Insofern seh ich erst mal kein Problem!? Einzig, wenn dein Rechner den DD Datenstrom schon entschlüsselt und dann als PCM Signal über HDMI ausgibt und du aber genau das verhindern willst würde ich verstehen um was es hier geht, wenn ich auch nicht weiß warum du das wollen solltest. Aber so genau geht das leider aus den Beiträgen - zumindest für mich - nicht hervor.

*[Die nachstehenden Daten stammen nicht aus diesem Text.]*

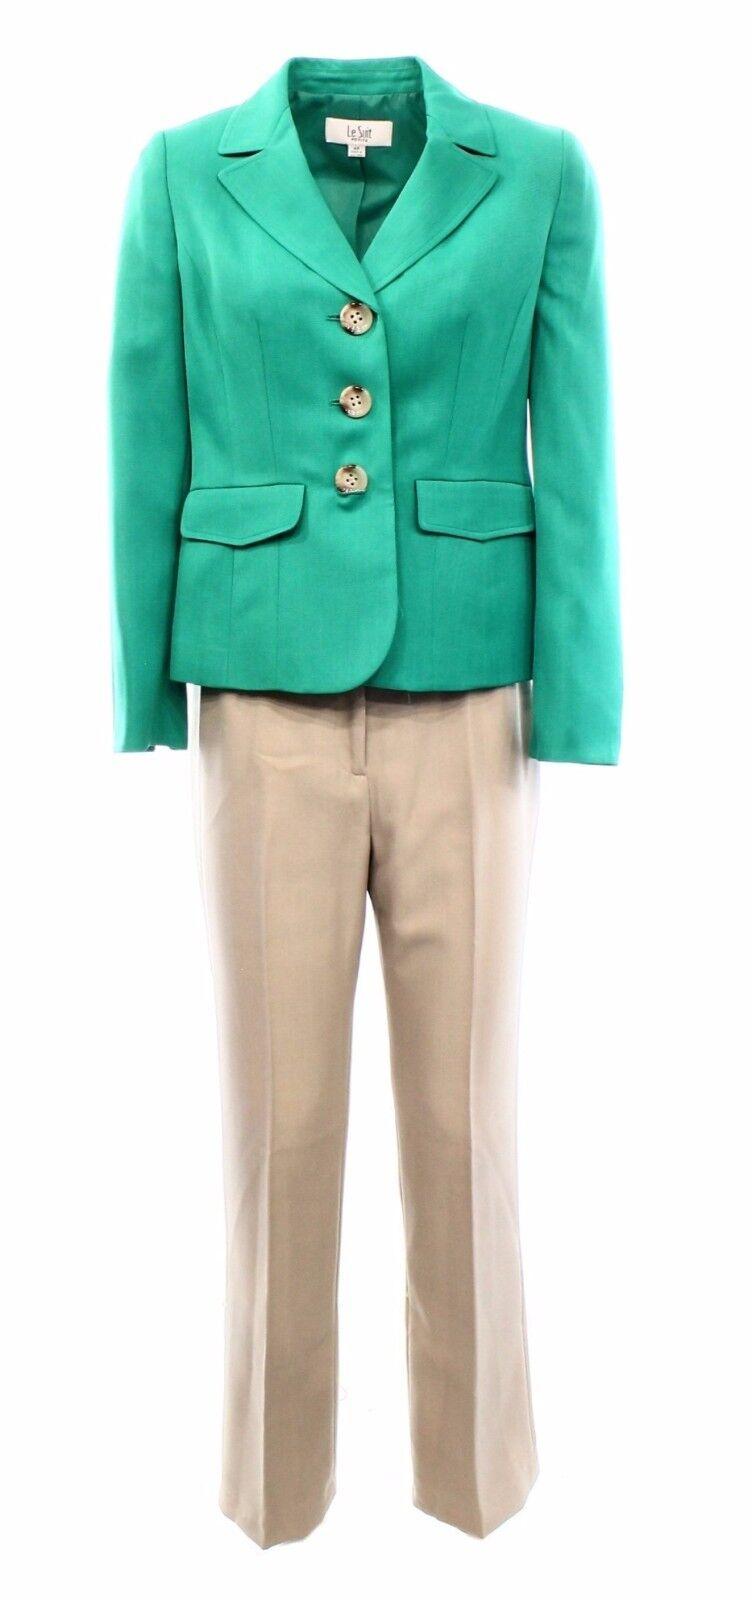 Le Suit NEW Kelly Green 3-Button Women's Size 4 Khaki Pant Suit Set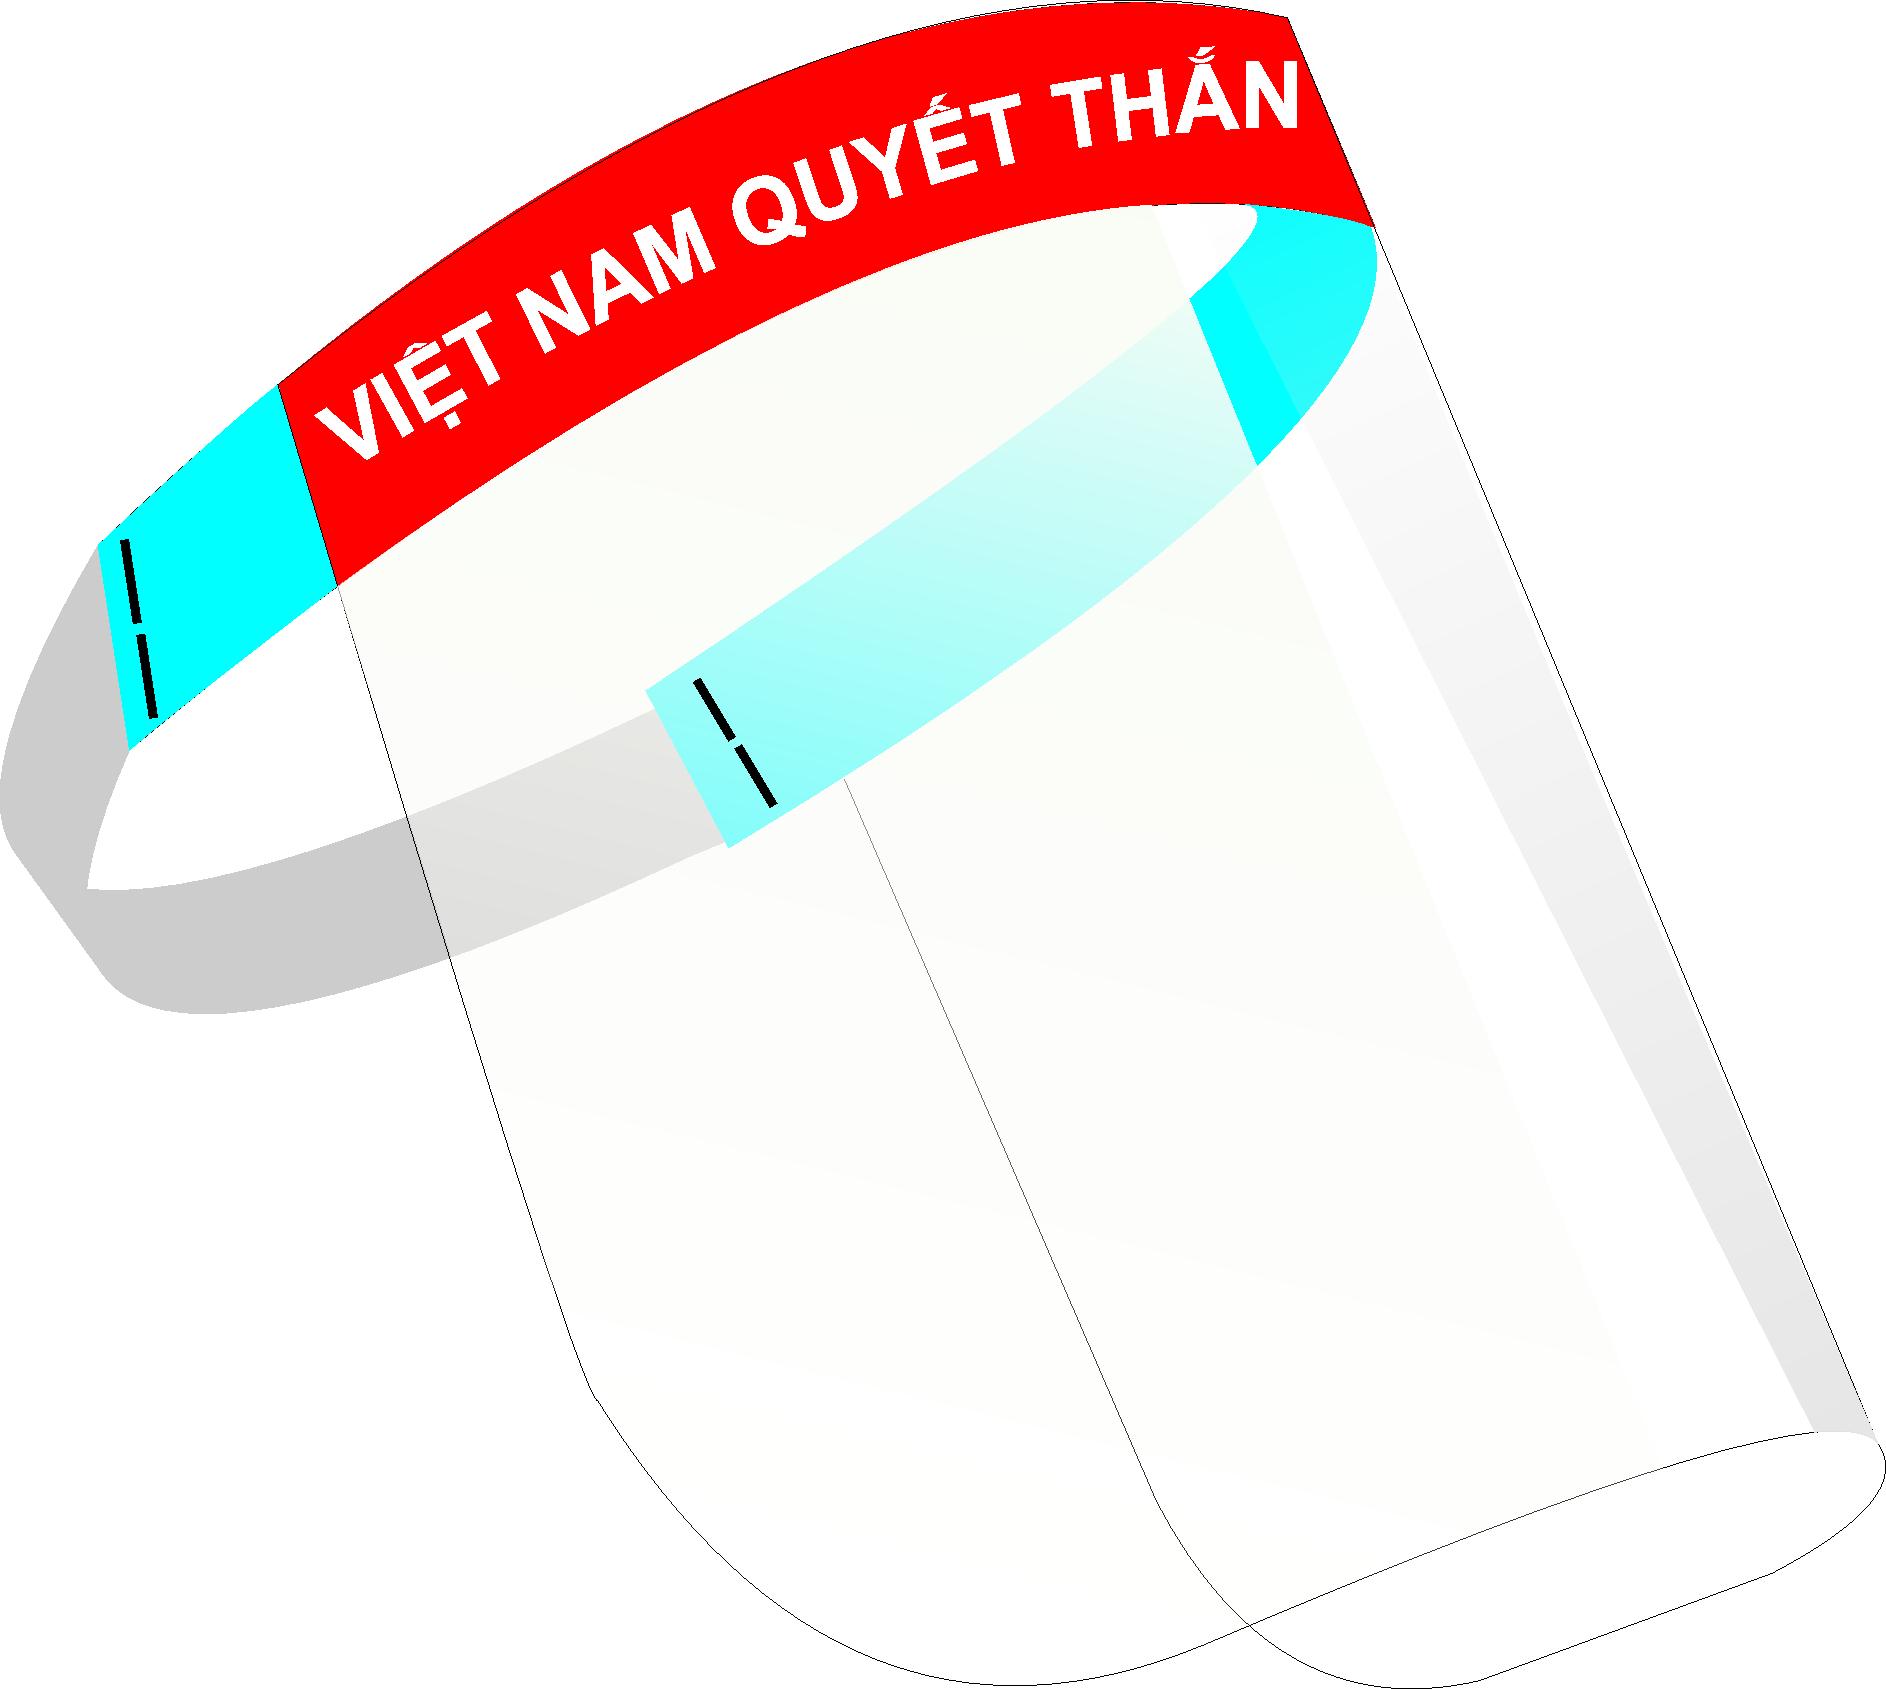 Làm mũ chống giọt bắn đơn giản tại nhà bằng những vật liệu dễ kiếm hoặc các bạn dê dàng mua được tại các cửa hàng văn phòng phẩm , tạp hóa gần nhà. Trước tình hình đại dịch COVID 19 diễn biến phức tạp, đồ phòng hộ không đủ để sử dụng, các bạn […]

Aber vlt. stehe ich auch einfach auf dem Schlauch...


----------



## danysahne333 (31. Mai 2012)

Bei Spielen wirst du imho wohl kein echtes 5.1 haben, ausser deine Soundkarte kann DD Live etc. und gibt dieses Signal (MultiCh PCM) per 5.1 Chinch an deinen AVR weiter. 
Bei BluRay's ist es imho am besten, das Audiosignal unverändert per HDMI an den AVR zu übergeben und diesen dann das Signal dekodieren zu lassen.


----------



## Andregee (31. Mai 2012)

ich habe per hdmi auch 5.1 in spielen ohne dolby digital live oder dts connect vom notebook. eine soundkarte benötigt man eben nur für das decodieren, was bei einer hdmi anbindung nicht nötig ist.


----------



## Zappaesk (31. Mai 2012)

danysahne333 schrieb:


> Bei Spielen wirst du imho wohl kein echtes 5.1 haben, ausser deine Soundkarte kann DD Live etc. und gibt dieses Signal (MultiCh PCM) per 5.1 Chinch an deinen AVR weiter.


 
5.1 MutiCh PCM per 5.1. Cinch an den AVR? Das halt ich für ein Gerücht! Wenn, dann gibts 5.1* analog* an den AVR und warum sollte man dann nicht gleich per HDMI an den AVR? Analog raus würde ja nur dann Sinn machen wenn der AVR keinen HDMI Eingang hat oder dessen Wandler signifikant schlechter als die der Soundkarte sind.


----------



## danysahne333 (31. Mai 2012)

Zappaesk schrieb:


> 5.1 MutiCh PCM per 5.1. Cinch an den AVR? Das halt ich für ein Gerücht! Wenn, dann gibts 5.1* analog* an den AVR und warum sollte man dann nicht gleich per HDMI an den AVR? Analog raus würde ja nur dann Sinn machen wenn der AVR keinen HDMI Eingang hat oder dessen Wandler signifikant schlechter als die der Soundkarte sind.


 
Ich meinte analog, kein PCM, sorry 
 
Wenn ich also ein Game habe, welches DD 5.1 hat und für welches ich einen DD Live bzw. Connect En/Decoder benötige, welches Signal kommt denn dann per HDMI am AVR an, wenn ich die Soundkarte nicht nutze und das DD Live/Connect Signal nicht zu DTS/DD gewandelt/komprimiert wird? Wer wandelt denn das Signal um?
 
Hat sich erledigt.


----------



## Zappaesk (31. Mai 2012)

danysahne333 schrieb:


> Ich meinte analog, kein PCM, sorry
> 
> Wenn ich also ein Game habe, welches DD 5.1 hat und für welches ich einen DD Live bzw. Connect En/Decoder benötige, welches Signal kommt denn dann per HDMI am AVR an, wenn ich die Soundkarte nicht nutze und das DD Live/Connect Signal nicht zu DTS/DD gewandelt/komprimiert wird? Wer wandelt denn das Signal um?
> 
> Hat sich erledigt.



Hätte mich auch gewundert... aber kein Problem


----------



## Less_Is_More (31. Mai 2012)

@Phoenix

Der Thread ist mir mittlerweile auch schon zig mal untergekommen. 
Hatte testweise auch schon diesen Extratreiber installiert. Dieser hat aber alles nur noch schlimmer gemacht, denn der AVR hat damit angefangen in Zeitlupe abzuspielen
Wie gesagt, einfach A/52 über SPDIF auswählen und der pass-through des VLC Players ist aktiviert. Meine THX Demos laufen so z.B. in Dolby Digital....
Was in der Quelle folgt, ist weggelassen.